Als bewegingsonderwijzer is het je doel om leerlingen te leren om beter te bewegen. Dat gaat niet vanzelf. Daarvoor heb je als docent kennis over bewegen nodig. Want waarom kies je eigenlijk voor een kleine knuppel als je gaat softballen met een brugklas? Waarom zeg je tegen leerlingen dat je je klein moet maken bij een salto? En waarom is een ingewikkelde techniek als de fosburyflop efficiënt bij het hoogspringen? Van veel van deze keuzes in arrangement of leerhulp weet je gevoelsmatig dat ze goed zijn; biomechanica is de logica onder deze praktijkkennis. Kennis van biomechanica helpt je om betere keuzes te maken in arrangement en leerhulp. Met biomechanica kun je het menselijk bewegen namelijk begrijpen, analyseren en verbeteren.
In dit boek worden biomechanische principes op een simpele manier uitgelegd en toegepast op voorbeelden uit het bewegingsonderwijs. Zodat je beter begrijpt waarom bewegingen vaak worden uitgevoerd zoals ze worden uitgevoerd, waarom bepaalde leerhulp werkt en waarom je bepaalde keuzes in het arrangement maakt.
Biomechanica in het bewegingsonderwijs is geschreven voor studenten van de lerarenopleiding Lichamelijke Opvoeding en opleidingen Sport en Bewegen, bewegingsonderwijzers in het basis- en voortgezet onderwijs en anderen die zich bezighouden met de begeleiding van bewegingsactiviteiten en de verbetering van bewegen.

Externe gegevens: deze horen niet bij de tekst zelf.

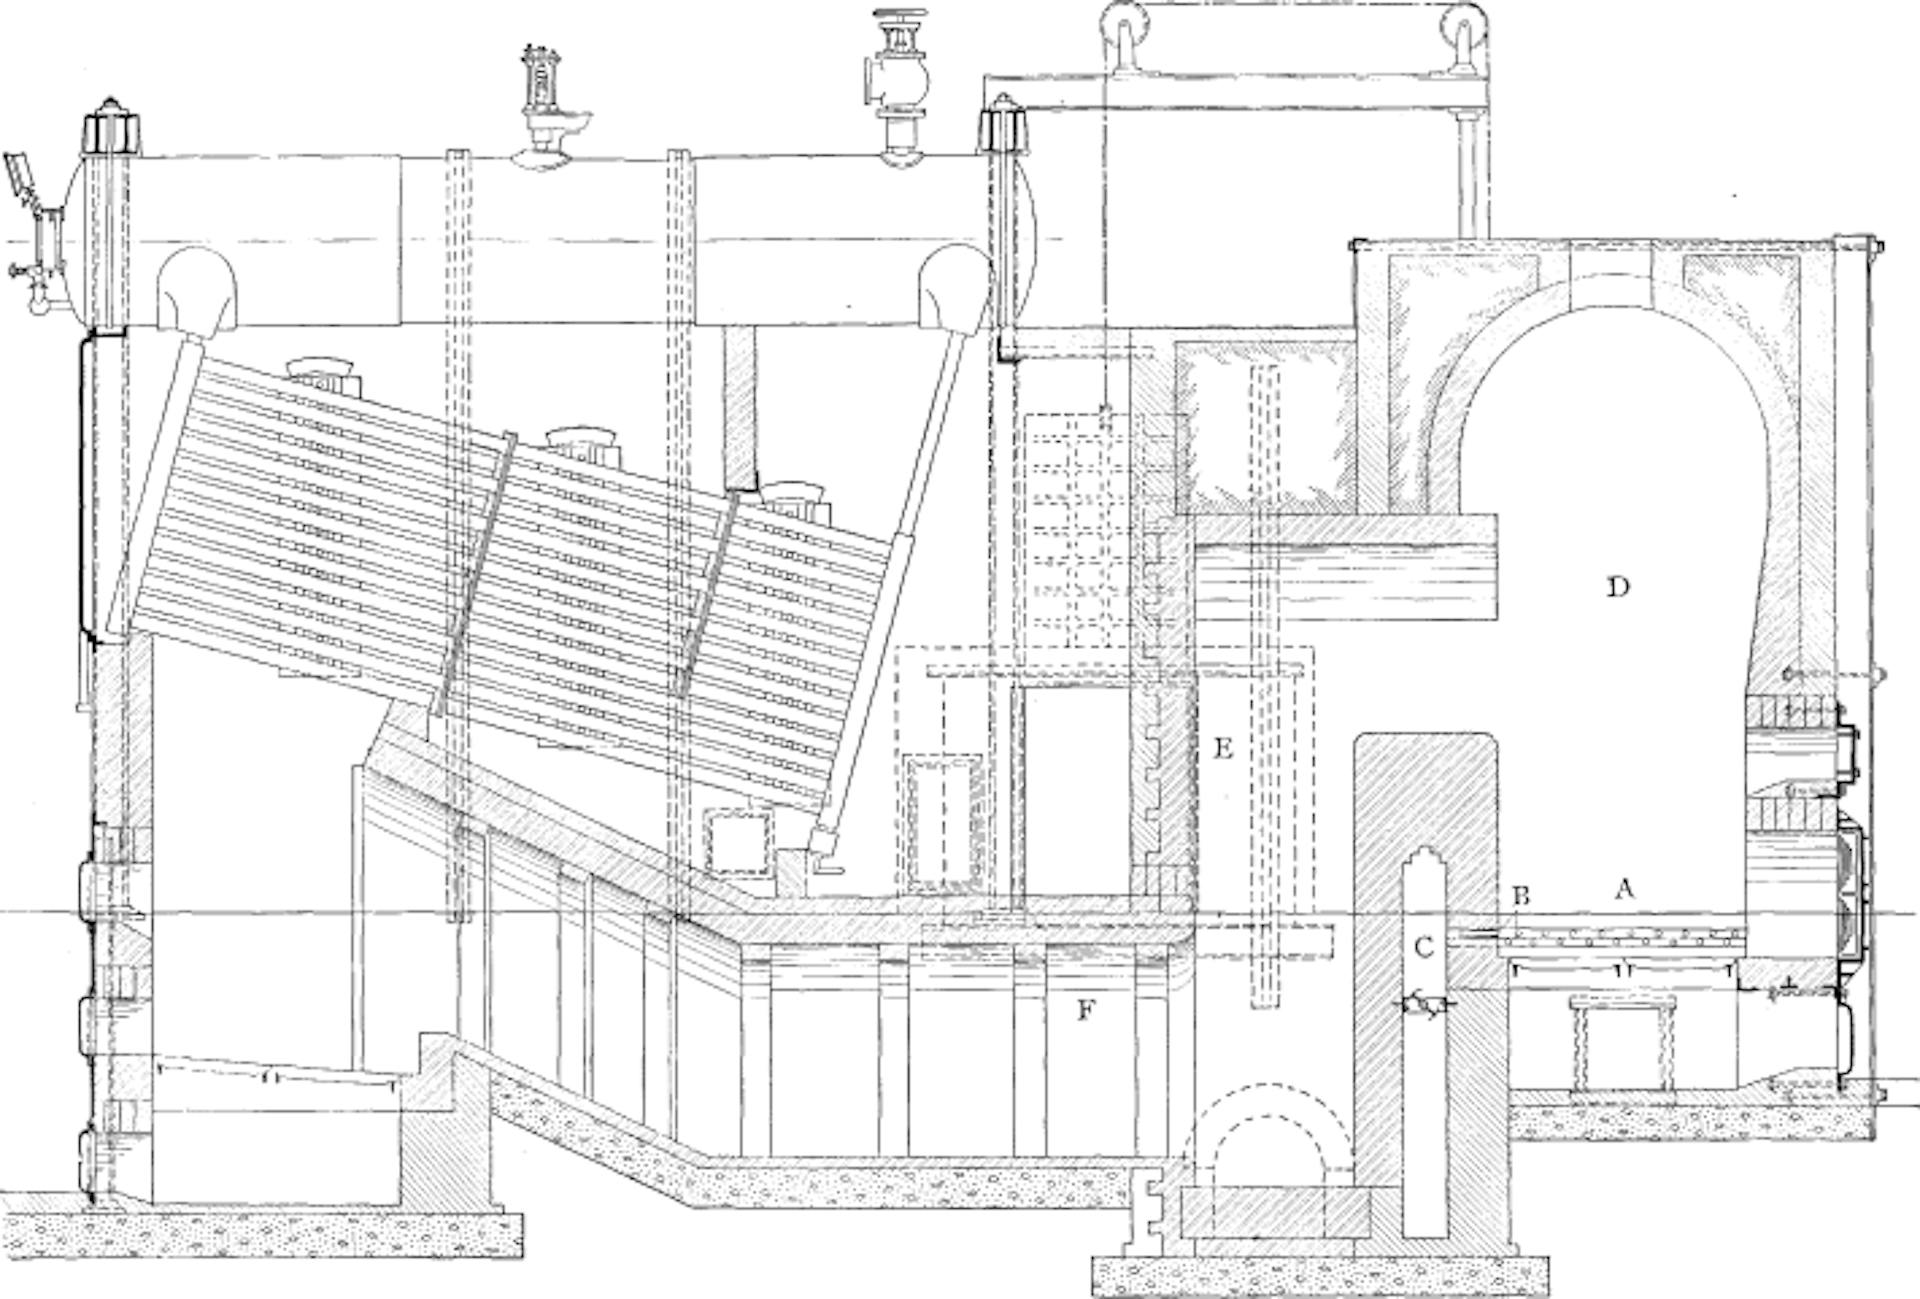 Fig. 27. Babcock & Wilcox Boiler Set with Green Bagasse Furnace

Deze derde editie van Biomechanica in het bewegingsonderwijs is inhoudelijk aangevuld met een hoofdstuk over bewegen door de lucht en een hoofdstuk over bewegen door het water. Daarnaast worden in het laatste nieuwe hoofdstuk basisvaardigheden als lopen, springen en gooien biomechanisch bekeken. Hierbij worden de biomechanische principes uit de eerdere hoofdstukken met elkaar gecombineerd, geïntegreerd en toegepast op deze praktische basisvaardigheden.